A person who is not a professional gamer shall include all income gained from gambling in the “Other Income” section of the Tax Return and tax on progressive rates appropriately. In the case of a professional gamer who undertakes this job on a full-time basis, would usually be classified between self-employed gambling. For tax purposes, all income shall be listed in tax return and taxed on progressive rates.

24. What documentation requirements exist for taxpayers regarding crypto assets?

Tax payers are to maintain all necessary records and documentation as would be required if they were to receive income, gains or profits from ordinary activities. In

the CfR guidance note the CfR states that “Any obligation under the Income Tax Acts to keep proper records applies to transactions involving DLT assets. Values expressed in a cryptocurrency will need to be translated to the reporting currency in which the taxpayer presents its financial statements. Applicable sanctions in terms of the said Acts shall apply where proper records are not kept and where there is failure to report and pay any liability to tax.”

25. What measures have tax authorities undertaken in the past to ensure crypto tax compliance?

The field of crypto tax compliance is a relatively new area and the tax authorities are still developing their policies and procedures. Nonetheless the CfR has issued its guidance which is available to the general public in relation to its expectations for the treatment of income or gains from crypto assets.
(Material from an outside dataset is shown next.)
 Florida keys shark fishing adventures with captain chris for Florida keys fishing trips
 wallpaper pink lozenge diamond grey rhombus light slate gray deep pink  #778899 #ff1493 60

26. Are crypto exchanges subject to CRS/ FATCA?

Due to the uncertainty in the respect to FATCA, US investors or clients of Maltese crypto-exchanges should verify on a regular basis their US tax obligations, including FATCA.

Currently no reporting is required under FBAR (“Foreign Bank Account Reporting”) as noted by FinCEn (“Financial Crimes Enforcement Network”) which in mid-2019 reported that the list “types of reportable accounts” currently do not include crypto currency accounts.

27. Is it possible to discharge tax debts with crypto assets?

The Maltese CfR to date does not accept payments of dues to it in crypto assets.